:: Data segment ::
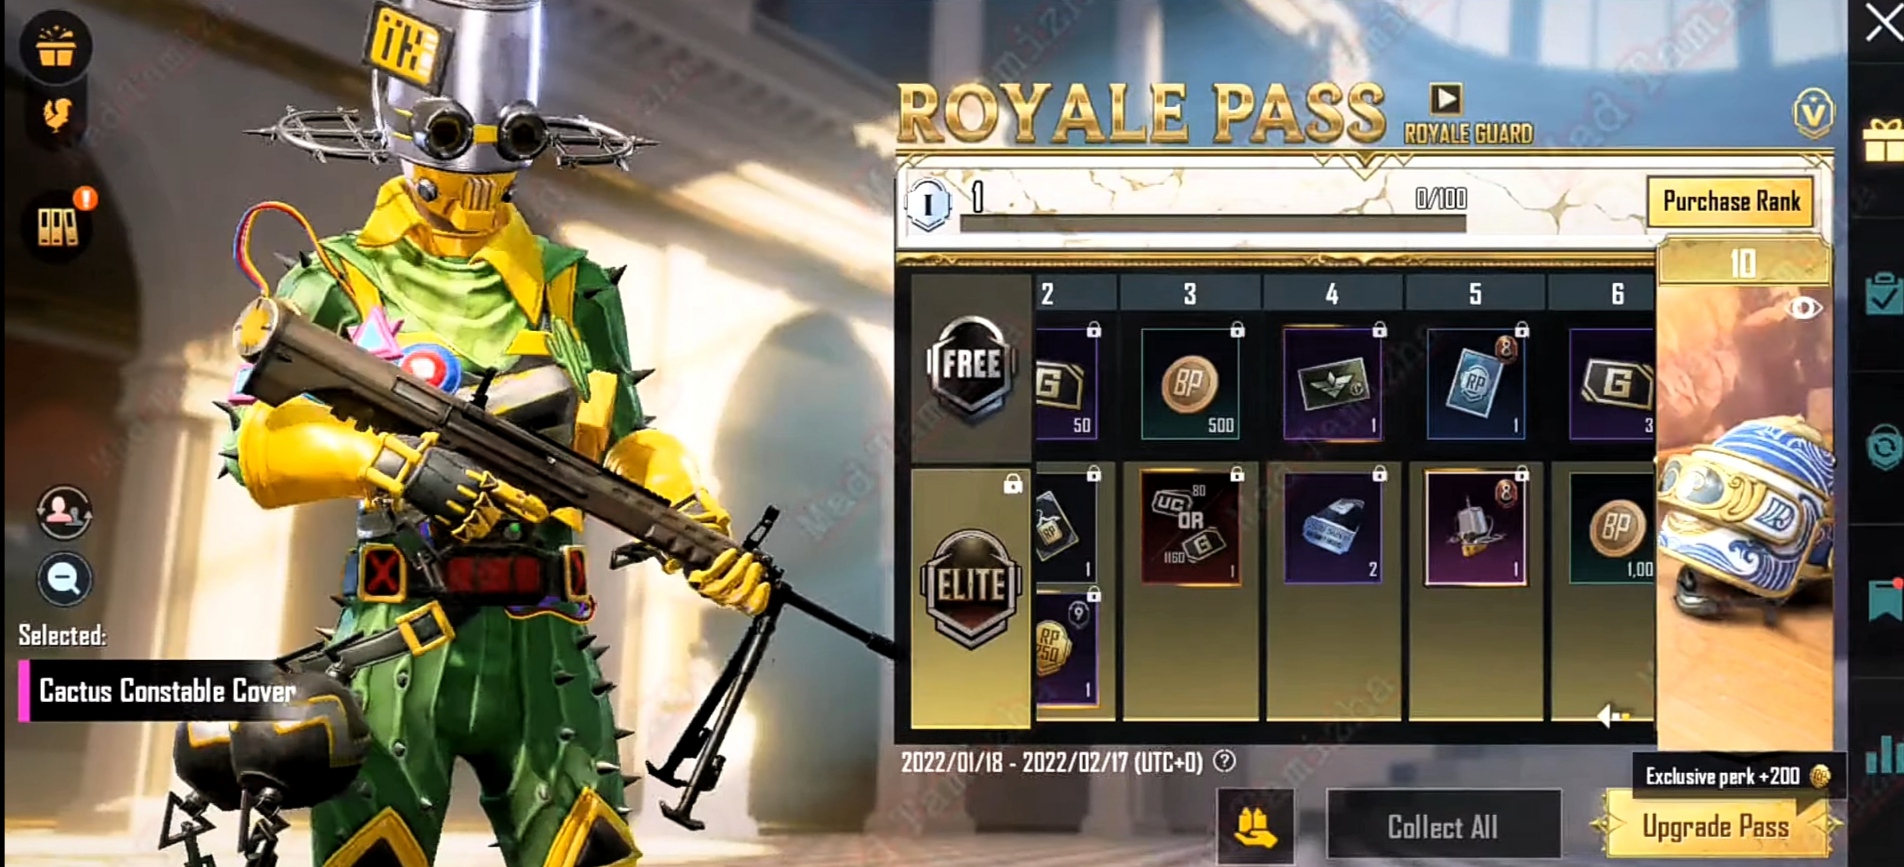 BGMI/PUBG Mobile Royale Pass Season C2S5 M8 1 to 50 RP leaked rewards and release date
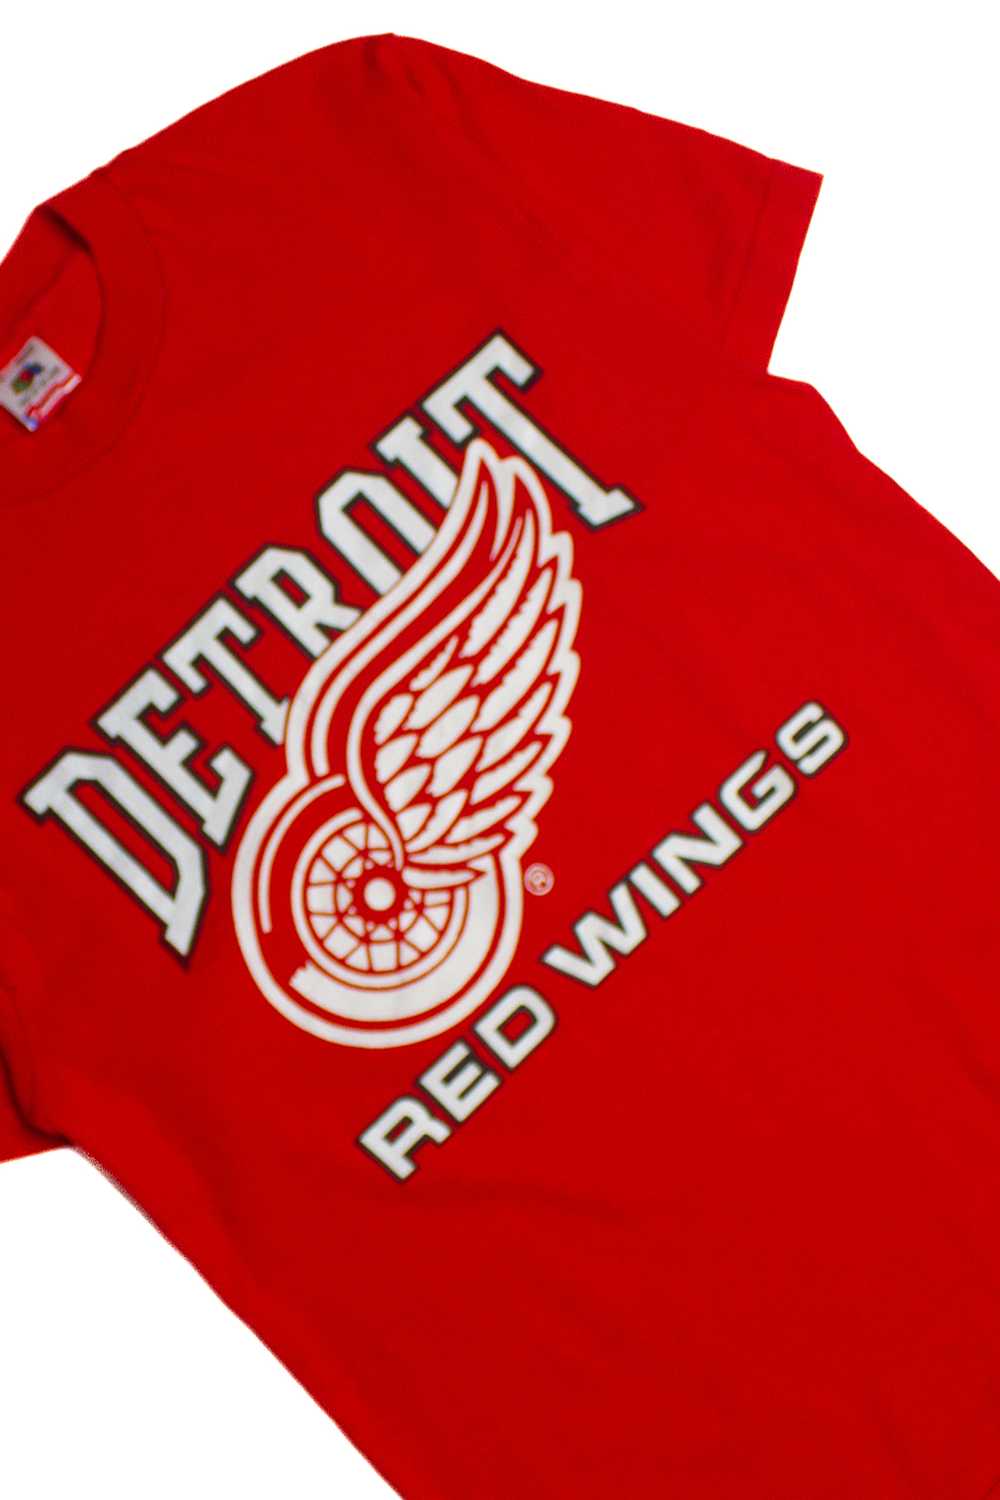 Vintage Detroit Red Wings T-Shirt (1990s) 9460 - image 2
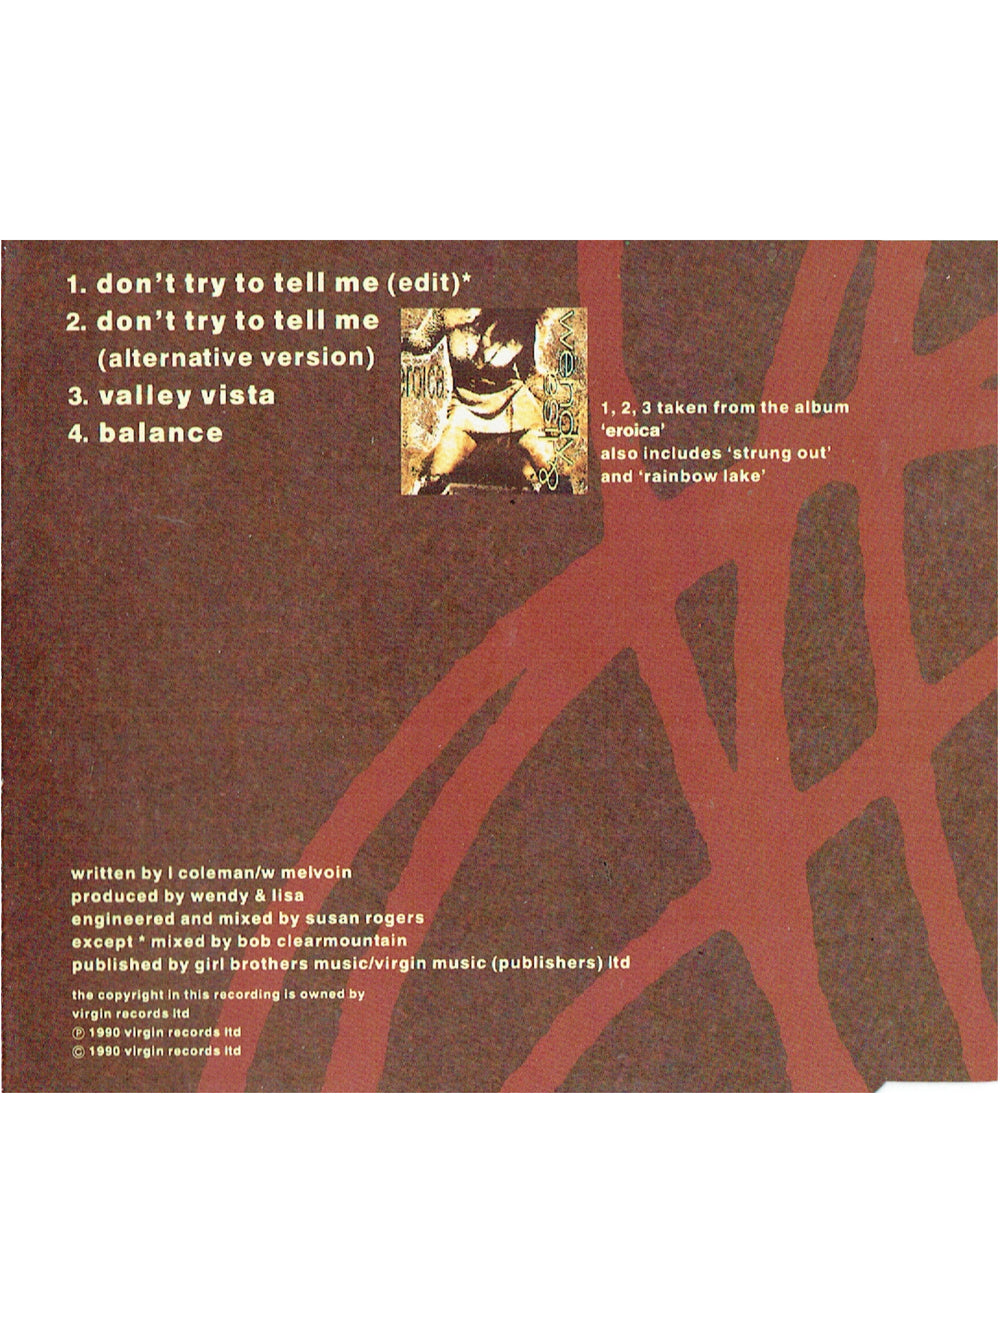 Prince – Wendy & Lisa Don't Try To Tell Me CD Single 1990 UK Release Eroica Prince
:::
Work to complete: Copy out the data above to the letter, and keep every picture out of it.

Answer for the task:
 BGMI/PUBG Mobile Royale Pass Season C2S5 M8 1 to 50 RP leaked rewards and release date
 Vintage Detroit Red Wings T-Shirt (1990s) 9460 - image 2
 Prince – Wendy & Lisa Don't Try To Tell Me CD Single 1990 UK Release Eroica Prince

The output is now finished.